Возможность сесть за один карточный стол с Газанфаром в нужной компании появилась только через семь месяцев. Квартет, до этого тщательно отрепетировавший игру дома у Миршаба, сыграл виртуозно, Рустамов проигрался в пух и прах, как никогда в жизни. С профессиональными картежниками Газанфар рассчитался сразу, а своих коллег-прокуроров попросил подождать, получилось, как и задумал Сенатор. Месяц, оговоренный Газанфаром, промелькнул, крупный выигрыш, которого он так жаждал, не выпал. К нужному сроку он собрал только треть суммы.

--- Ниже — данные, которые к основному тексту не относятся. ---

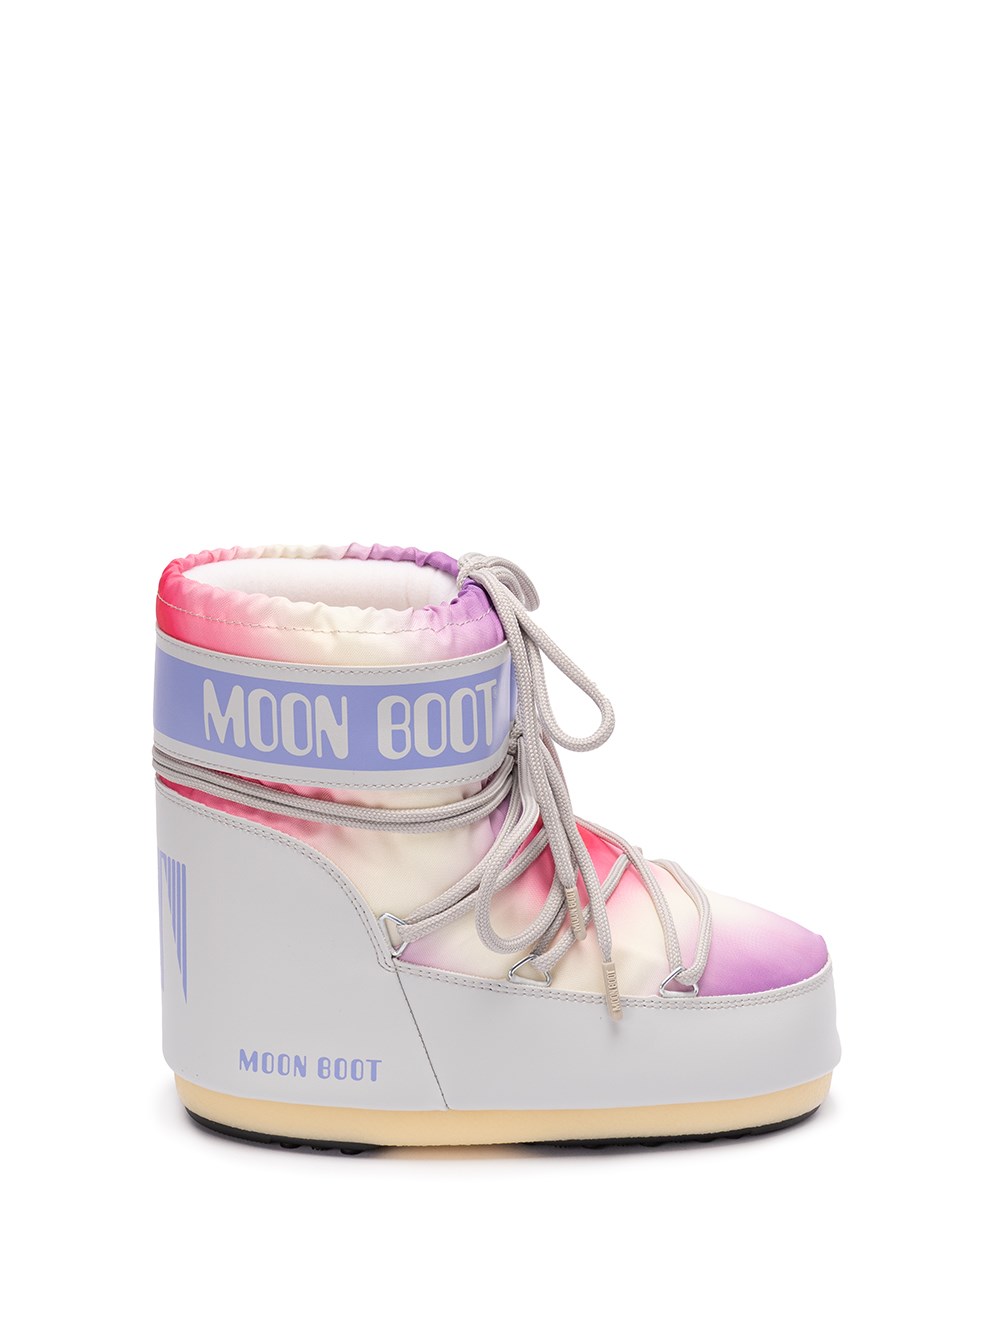 MOON BOOT `ICON LOW TIE DYE` BOOTS

Встретившись с коллегами, Рустамов вернул часть долгов и попросил продлить срок еще на месяц, но получил жесткий отказ. А это означало, что ему включили «счетчик», об этом завтра будут знать все, кому следует, и путь к карточному столу для него закрыт.

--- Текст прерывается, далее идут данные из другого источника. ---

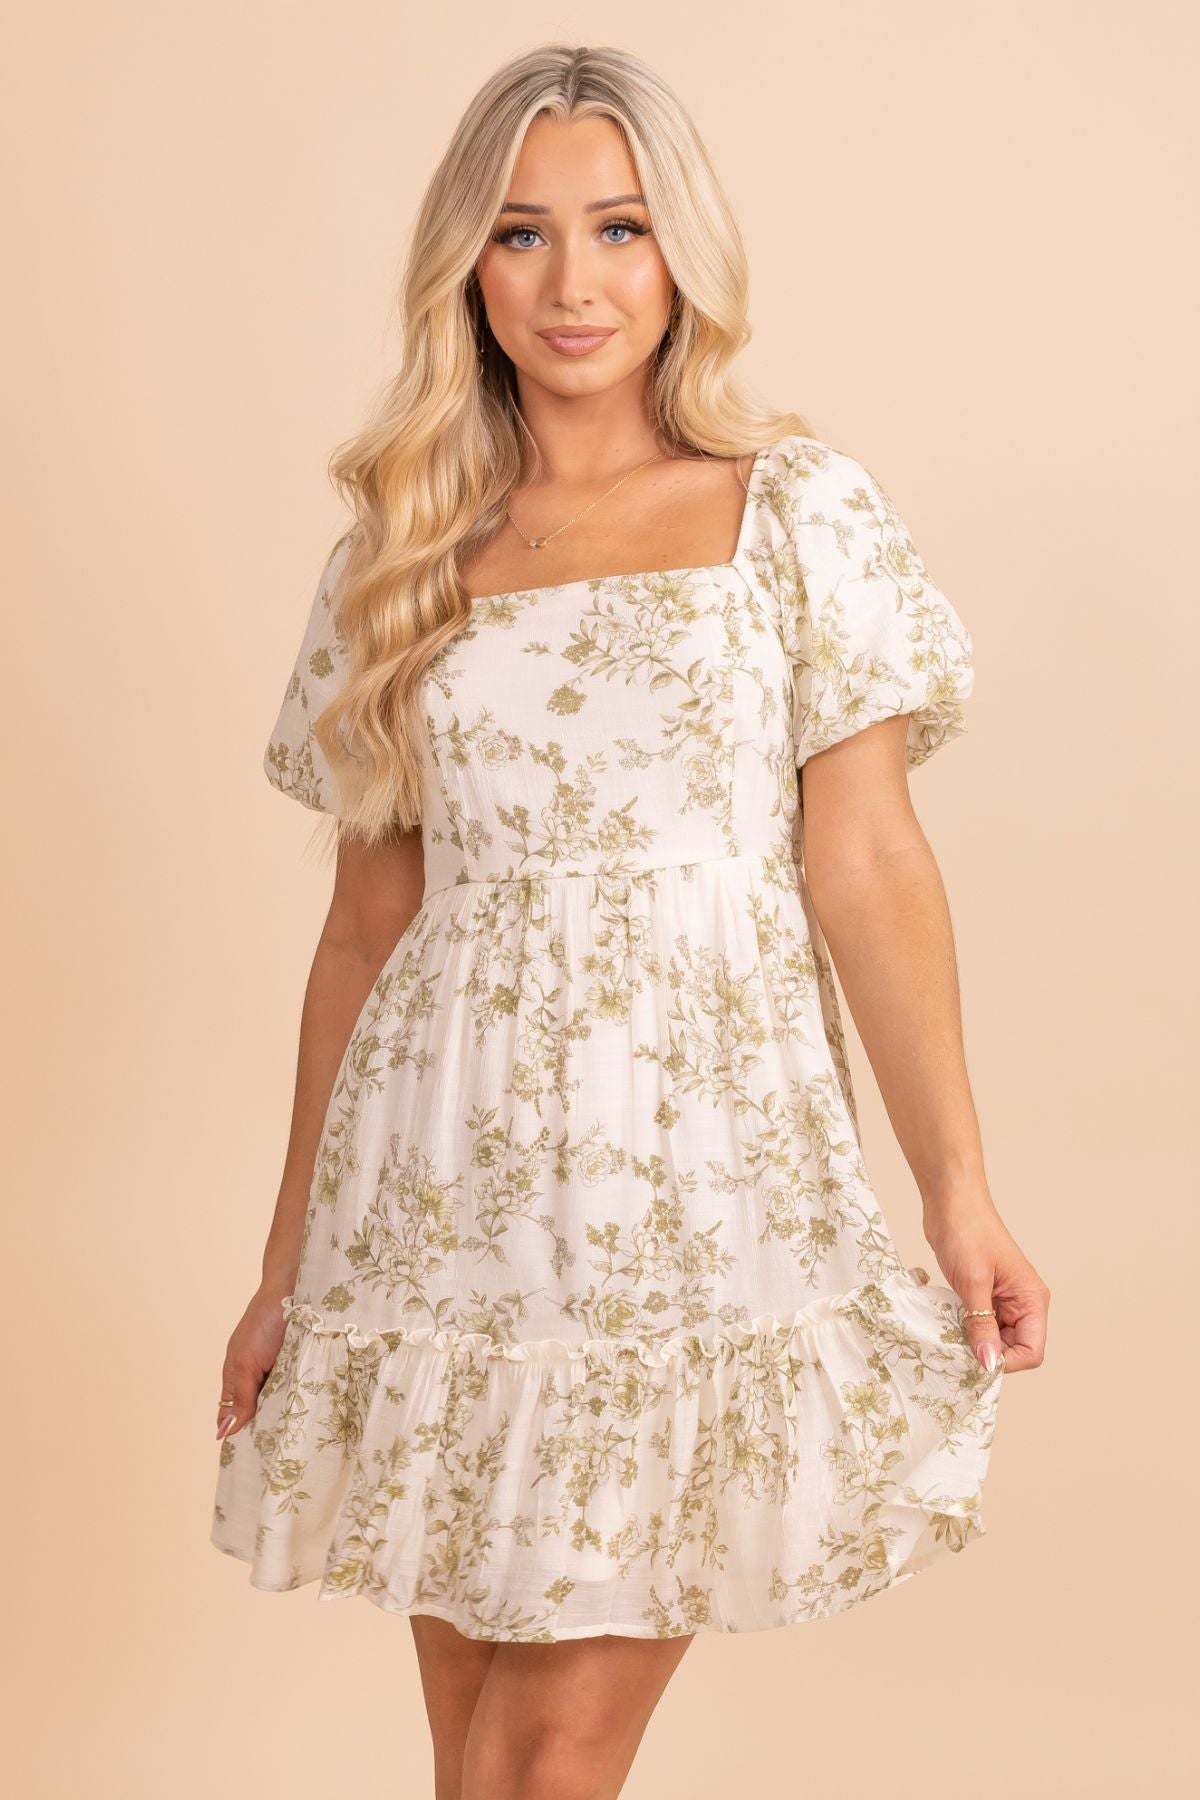 Down to Earth Floral Mini Dress

Понимая, что объект «созрел», Сенатор предложил Рустамову в счет погашения долга давно задуманное – снимать копии с некоторых интересующих их документов, прослушивать разговоры коллег по внутреннему телефону, изымать из некоторых дел важные документы, в общем, заниматься шпионажем в пользу победителей. Газанфар наотрез отказался. Тогда Сенатор с Миршабом, которым до зарезу был нужен свой человек в прокуратуре, хотели попугать коллегу вышибалами, но проблема неожиданно разрешилась сама собой. Когда вызвали Коста и разъяснили ему ситуацию, чтобы не очень переусердствовал, Джиоев вдруг рассмеялся и сказал, что Газанфар давно свой человек для уголовки и даже имеет кличку «Почтальон», за оплату выполняет деликатные поручения авторитетных людей. Тут уж удивились Сенатор с Миршабом – такого расклада они предвидеть не могли. Информация Коста облегчала задачу, но Миршаб тут же придумал коварный ход – позвонил Рустамову и велел немедленно приехать для серьезного разговора к нему домой. Ход оказался прост и гениален – увидев Коста, дружески беседующего с коллегами, Газанфар все понял и сдался, стал их агентом.

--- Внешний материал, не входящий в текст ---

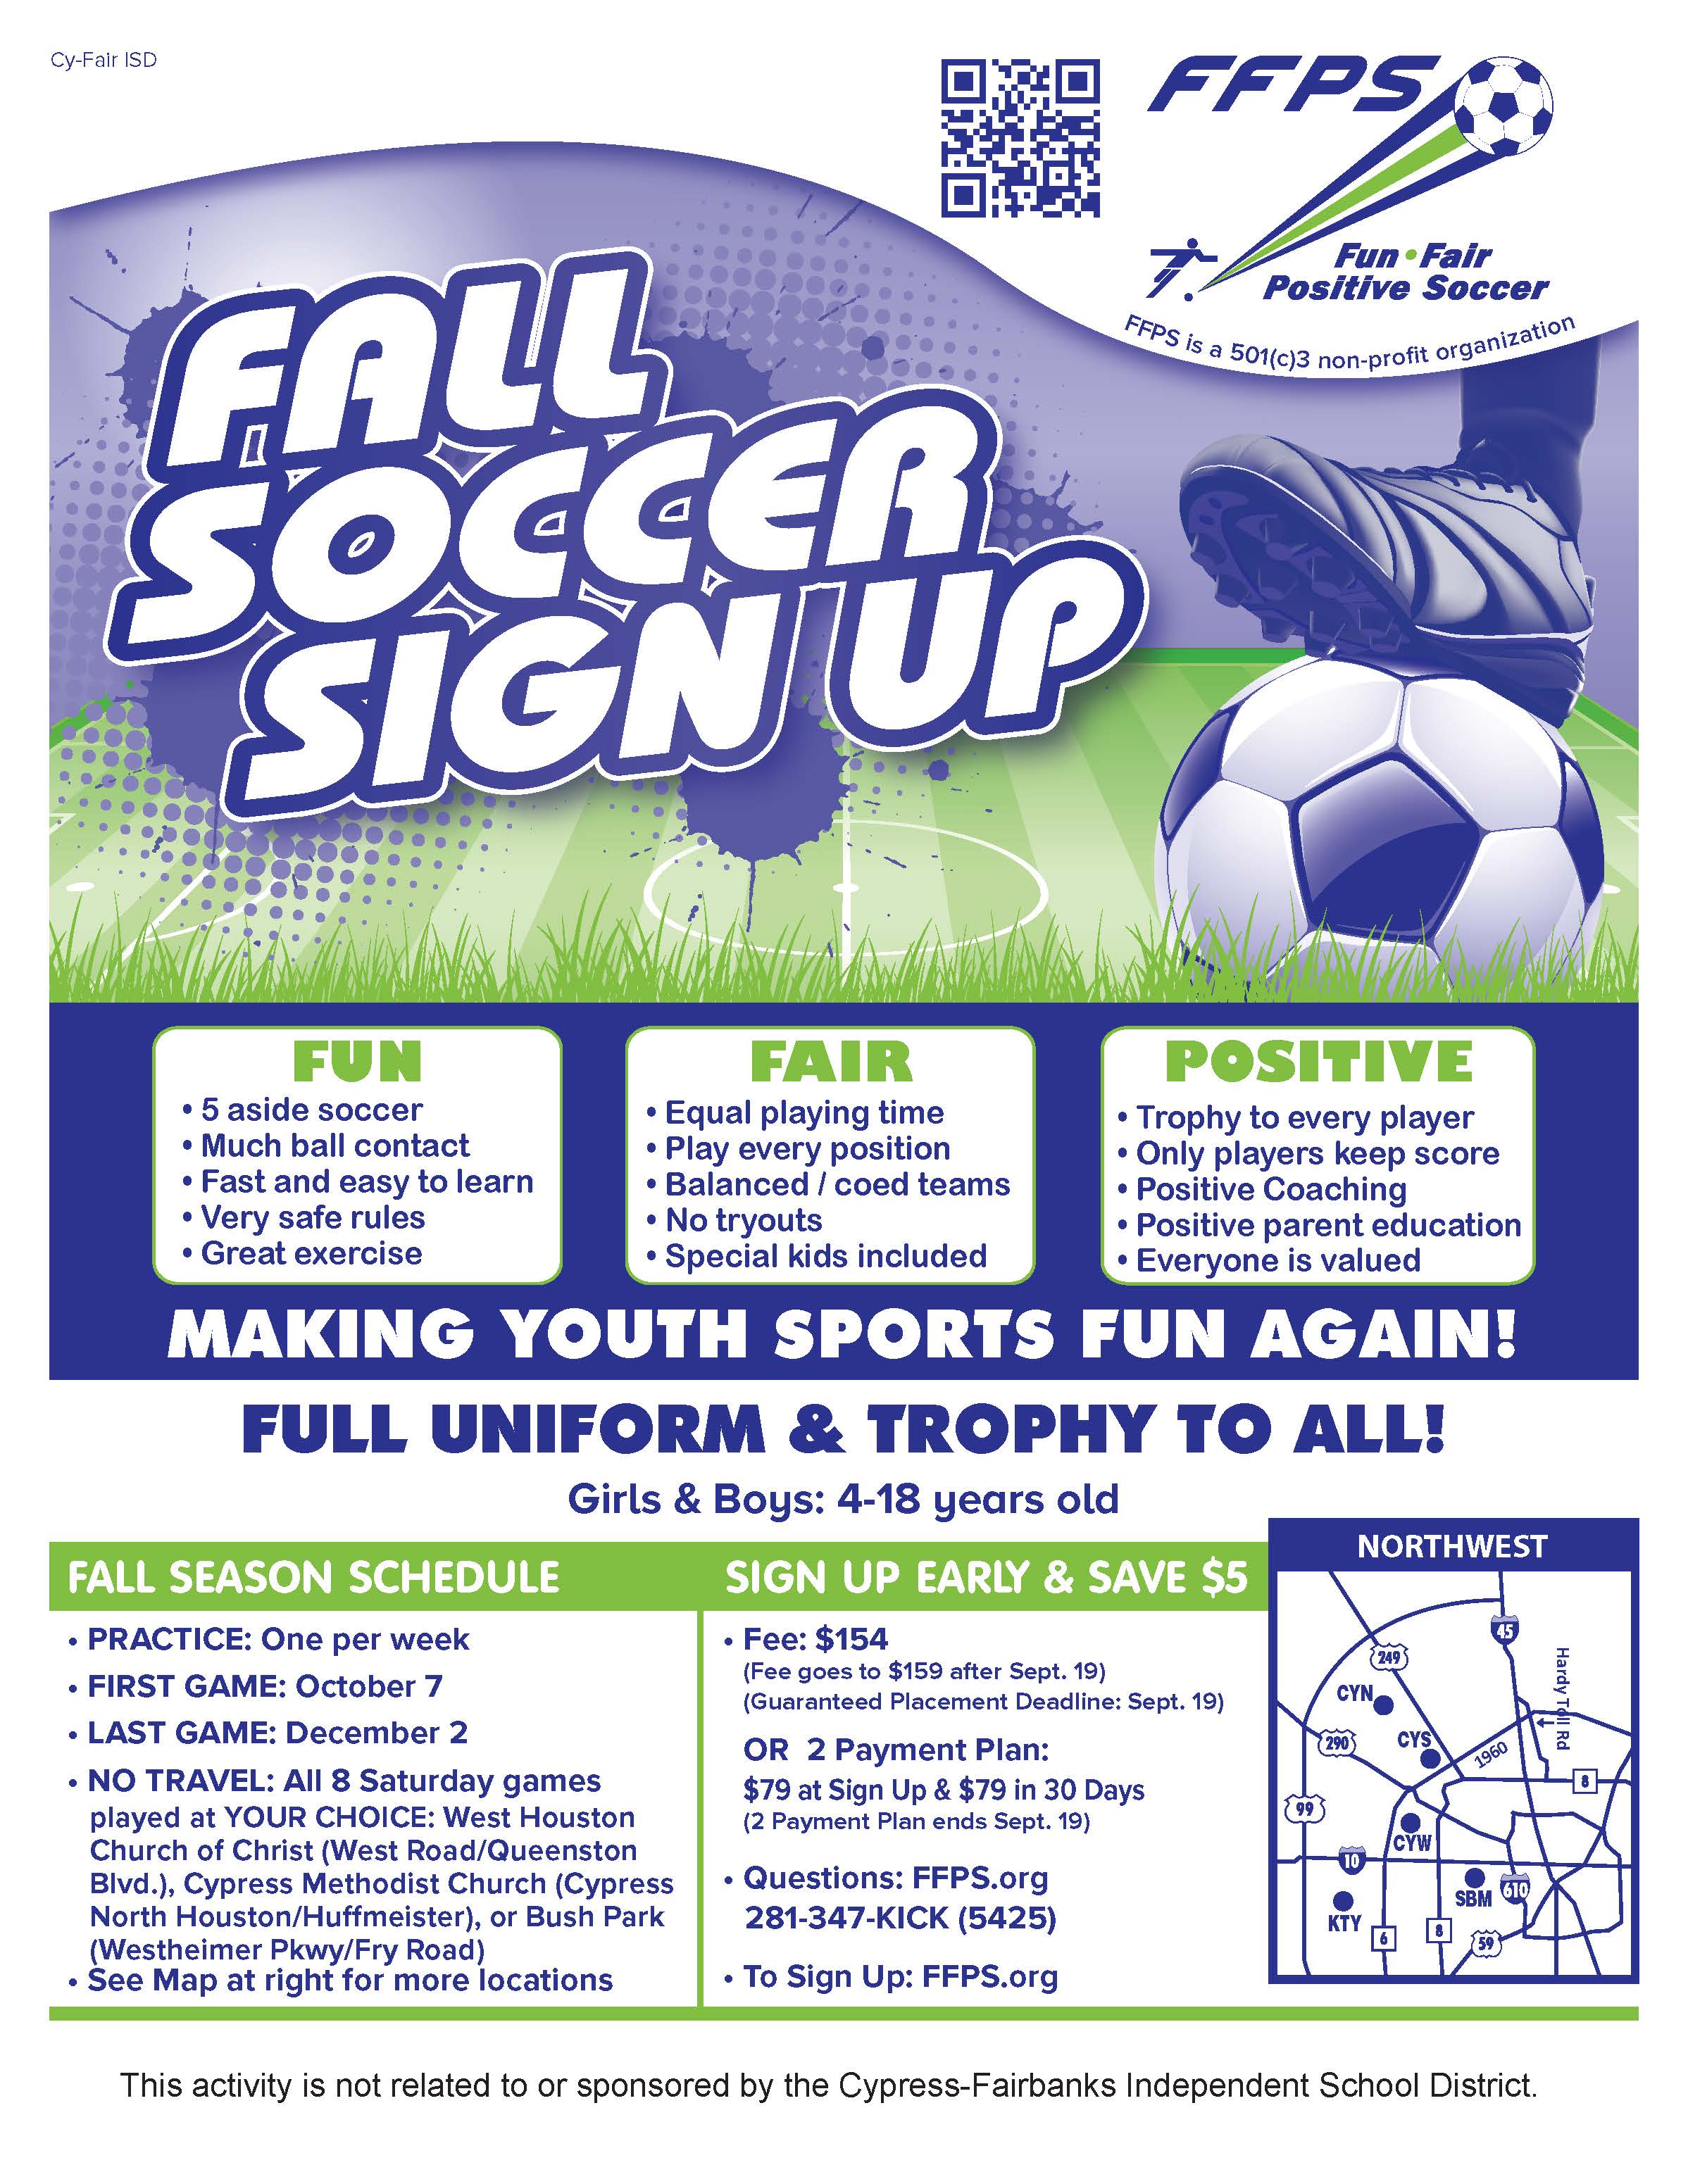 Fun Fair Positive Soccer - Fall Soccer Sign Up  Making youth sports fun again! Full uniform and trophy to all!  Girls and boys ages 4-18 Practice one day per week October 7-December 2 Fee: $154, $159 after September 19 Sign up early and save $5  www.FFPS.org 281-347-KICK (54250  This activity is not related to or sponsored by the Cypress-Fairbanks Independent School District.

Да, да, именно агентом, потому что для выполнения задания требовались поистине шпионские навыки, и Сенатор с Миршабом, зная это, основательно занялись его подготовкой.
Купили Рустамову миниатюрный автоматический фотоаппарат «Кодак», диктофон, как у Миршаба, японское устройство, легко прослушивающее разговор сквозь стены. Пришлось брать прокурору уроки и у классных домушников, квартирных воров – эти научили пользоваться отмычкой. Ученик оказался способным и на экзамене все десять замков открыл раньше нормативного времени. Но Сенатор потребовал, чтобы при любой возможности он снимал слепки со всех доступных ему ключей, как профессионал он знал, что отмычки оставляют специфические следы. Это задание больше всего увлекло Газанфара. Первые десять образцов он добыл без затруднения, ключи торчали в дверях, сняв слепок, он возвращал их владельцам и журил за беспечность. Но чаще он пользовался другим приемом: заходил поболтать в интересующий его кабинет и дожидался, когда хозяина комнаты на минуту вызывали наверх. Никто ни разу не попросил его покинуть комнату, ключи, в том числе от сейфа, как правило, лежали на столе. Позже без особого труда он в отсутствие хозяев снимал также копии с нужных документов. В экстренных случаях они работали в паре с Сенатором, тот приходил к одному из замов прокурора и оттуда вызывал какого-нибудь начальника отдела, в чьих бумагах нужно было порыться, в момент звонка Газанфар уже сидел в нужном кабинете.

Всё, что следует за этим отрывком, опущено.